• Stored data:
_____

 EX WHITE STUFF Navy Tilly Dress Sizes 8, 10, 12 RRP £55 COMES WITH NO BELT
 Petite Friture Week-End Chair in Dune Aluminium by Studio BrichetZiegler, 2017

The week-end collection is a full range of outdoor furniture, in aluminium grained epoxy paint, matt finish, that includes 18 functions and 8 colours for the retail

_____

• What to work on: Reproduce the material above exactly, beginning at its first line and ending with the line that holds "Petite Friture Week-End". Include nothing else.

• Your solution:
 EX WHITE STUFF Navy Tilly Dress Sizes 8, 10, 12 RRP £55 COMES WITH NO BELT
 Petite Friture Week-End Chair in Dune Aluminium by Studio BrichetZiegler, 2017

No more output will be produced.